_Description of the task:_ Give back the lines below exactly, but do not include any pictures.
___ Input data
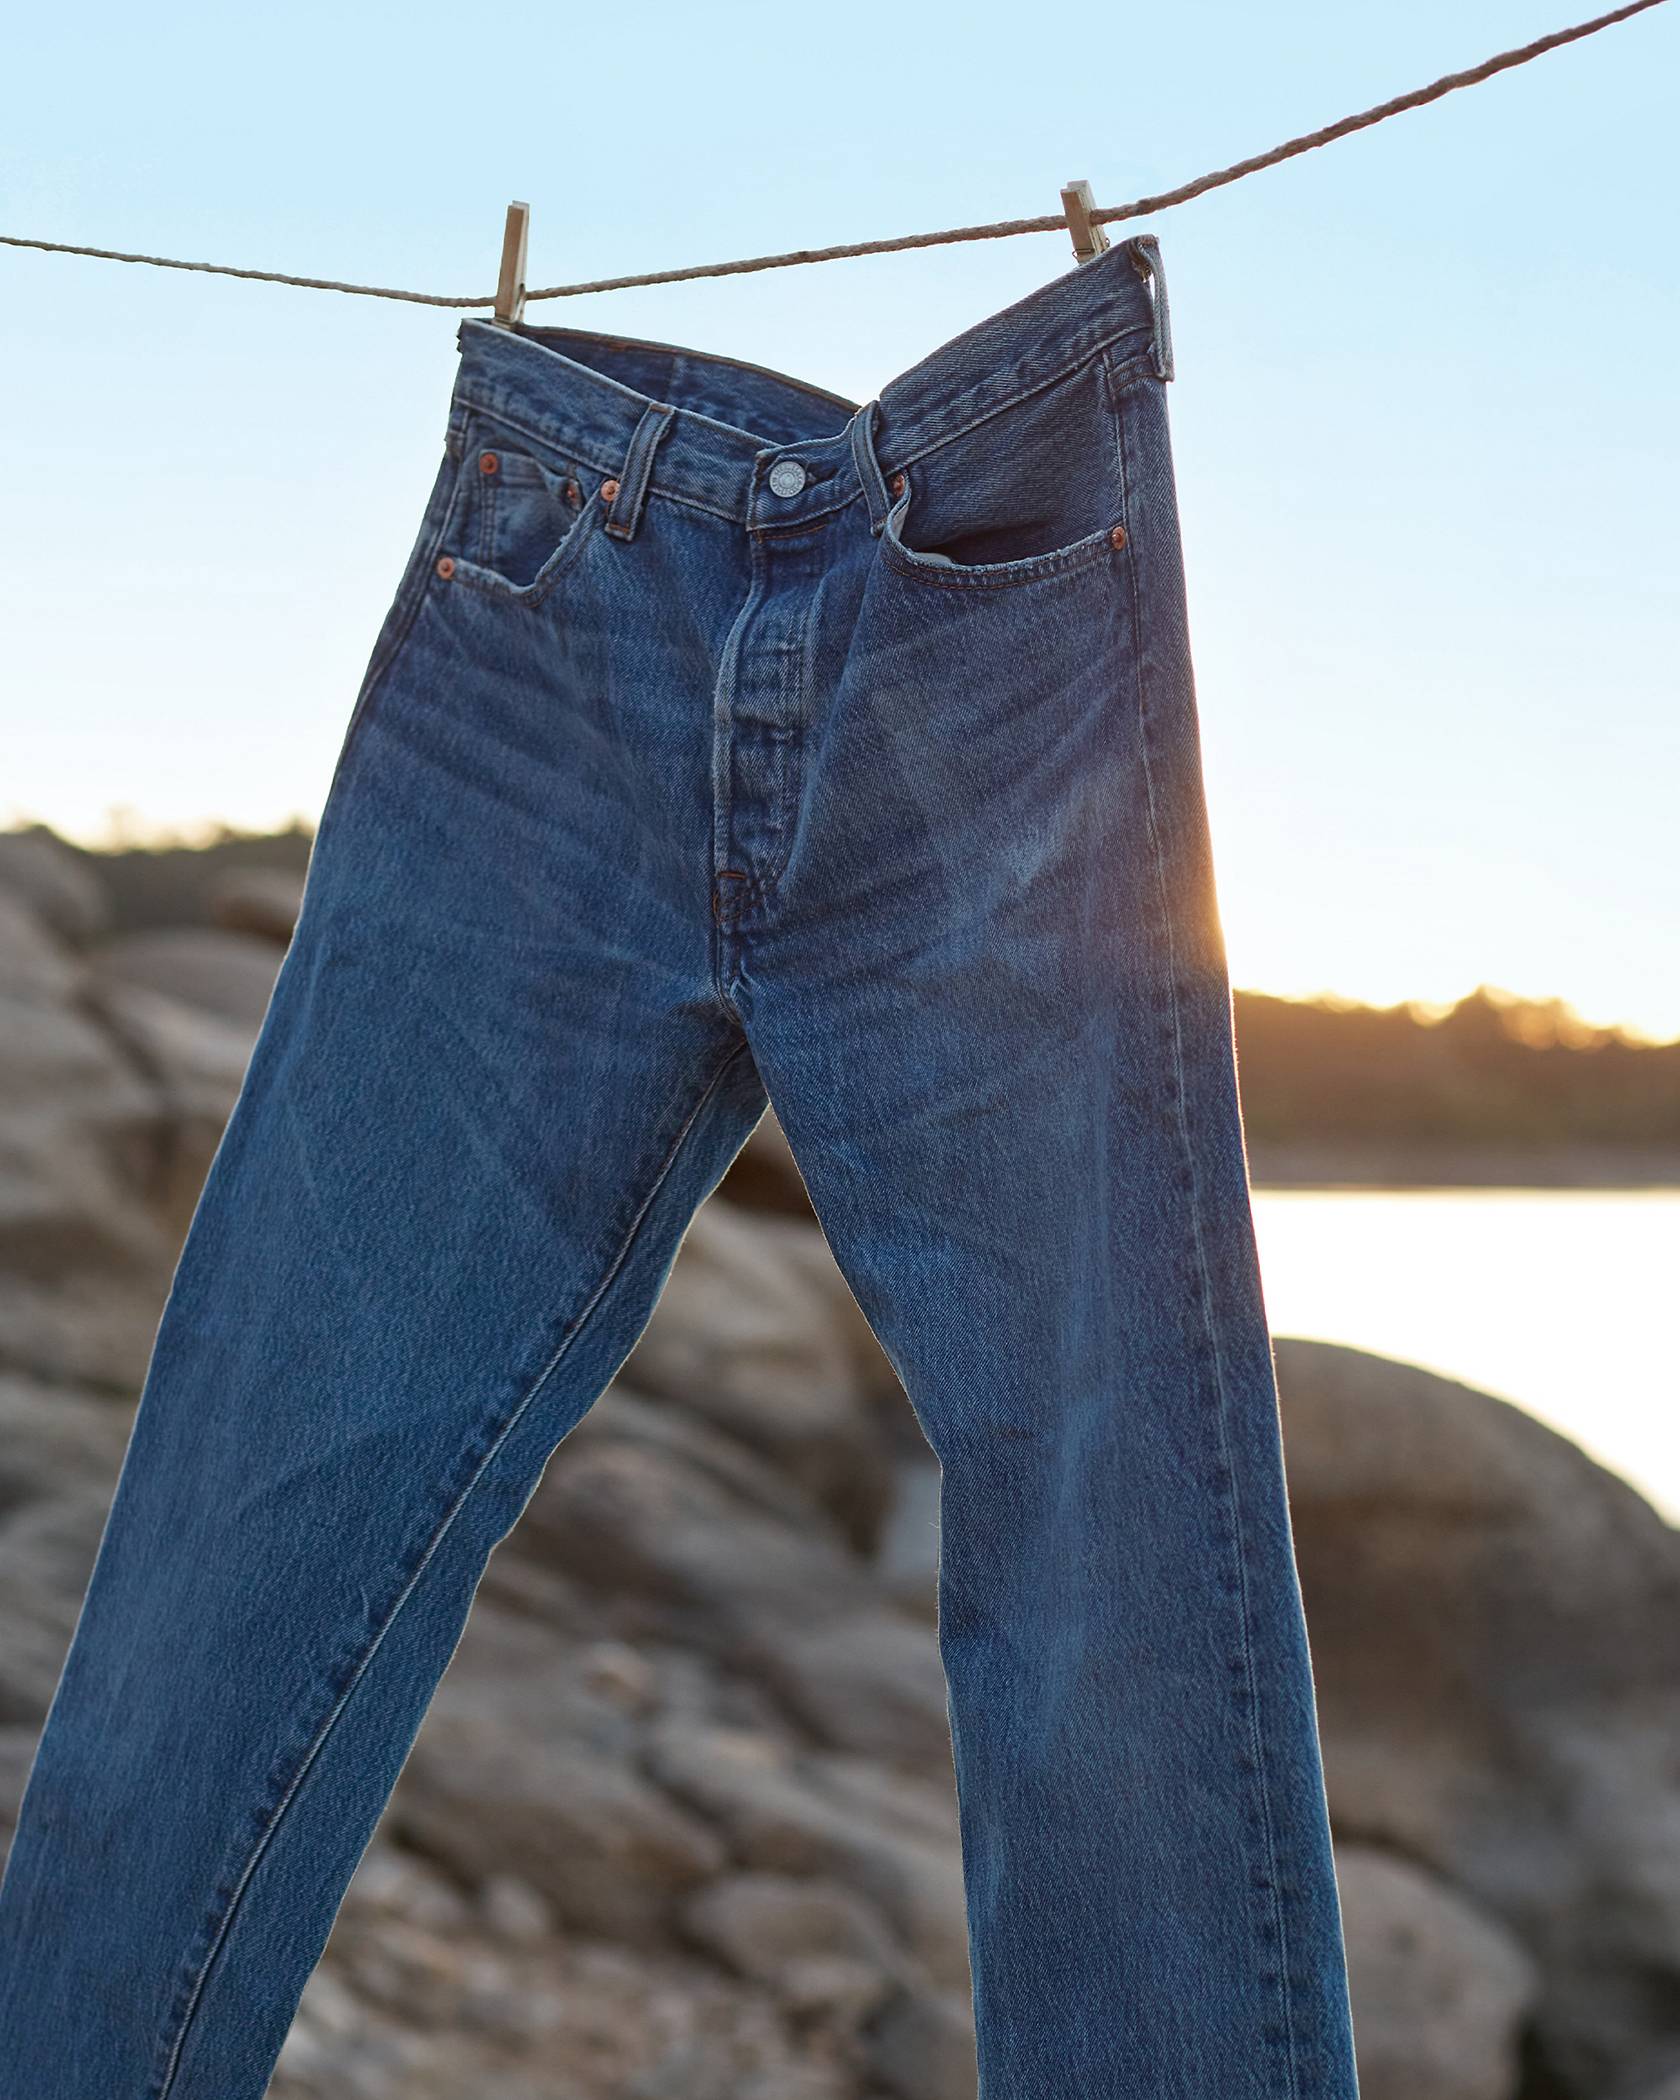 Pair of jeans hanging on a clothesline
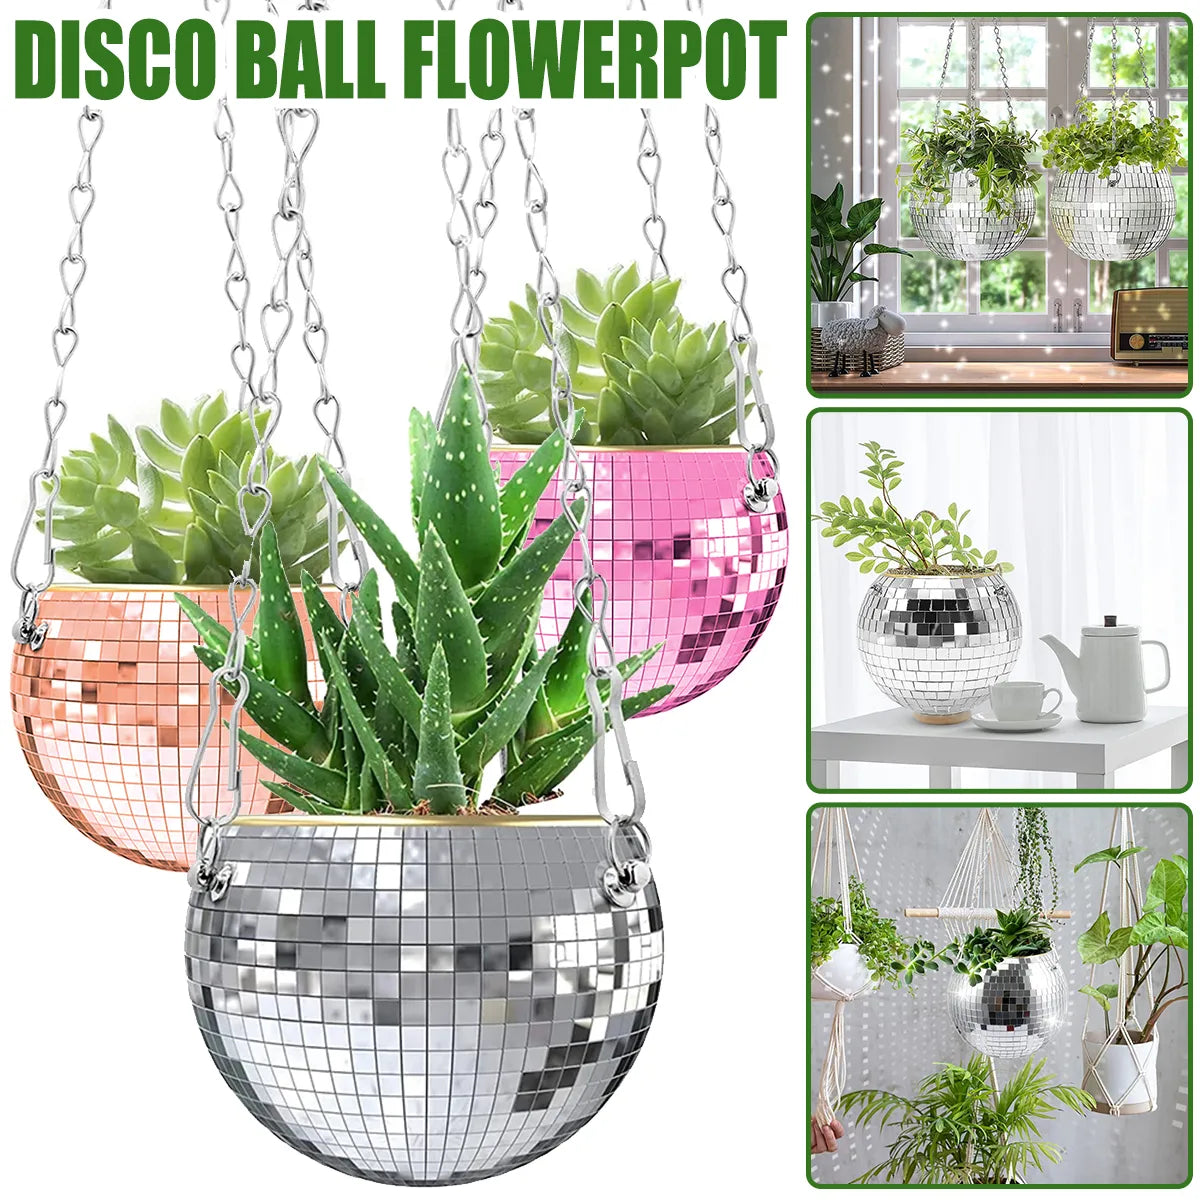 10/20cm Disco Ball Hanging Flower Pot - Your Homes Décor and More
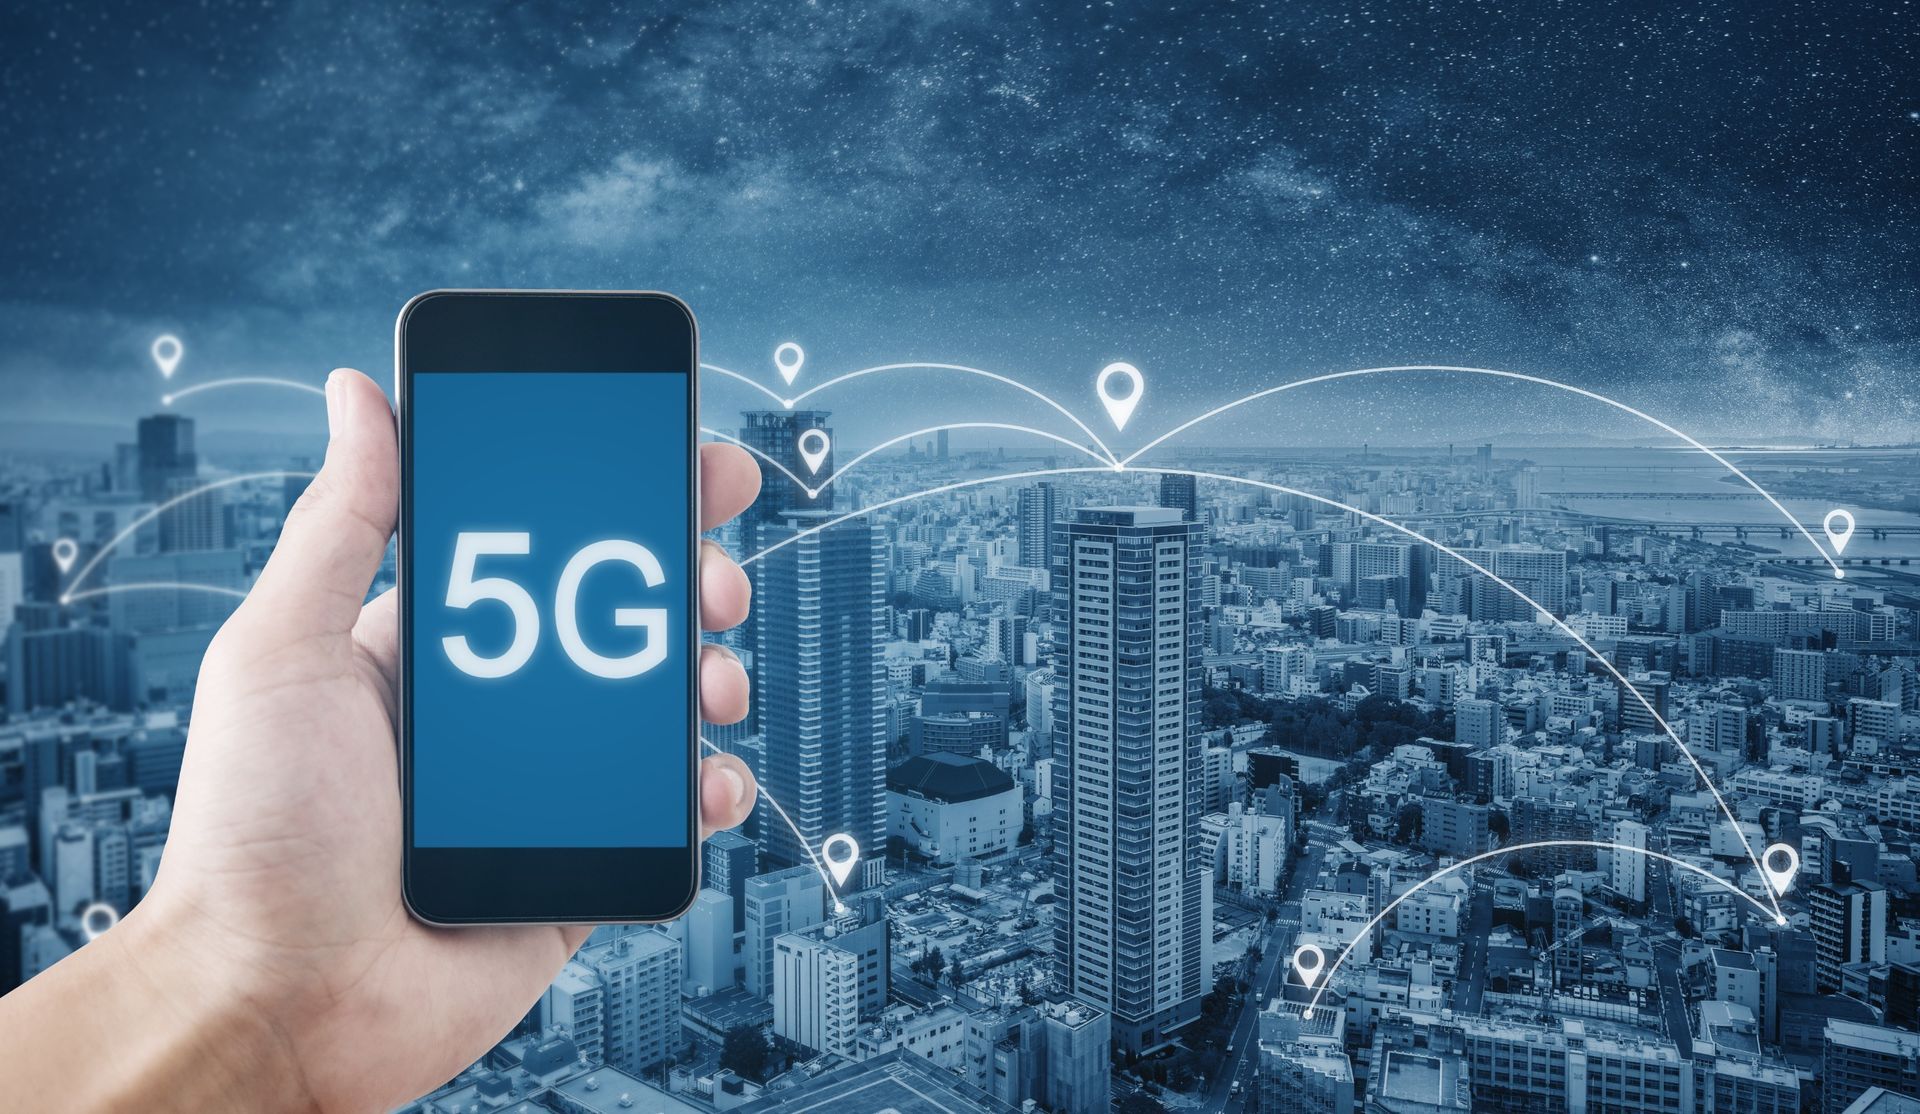 Illustration depicting 5G connectivity symbolizing the revolution in communication services with fas
______
_Problem solution:_
 Pair of jeans hanging on a clothesline
 10/20cm Disco Ball Hanging Flower Pot - Your Homes Décor and More
 Illustration depicting 5G connectivity symbolizing the revolution in communication services with fas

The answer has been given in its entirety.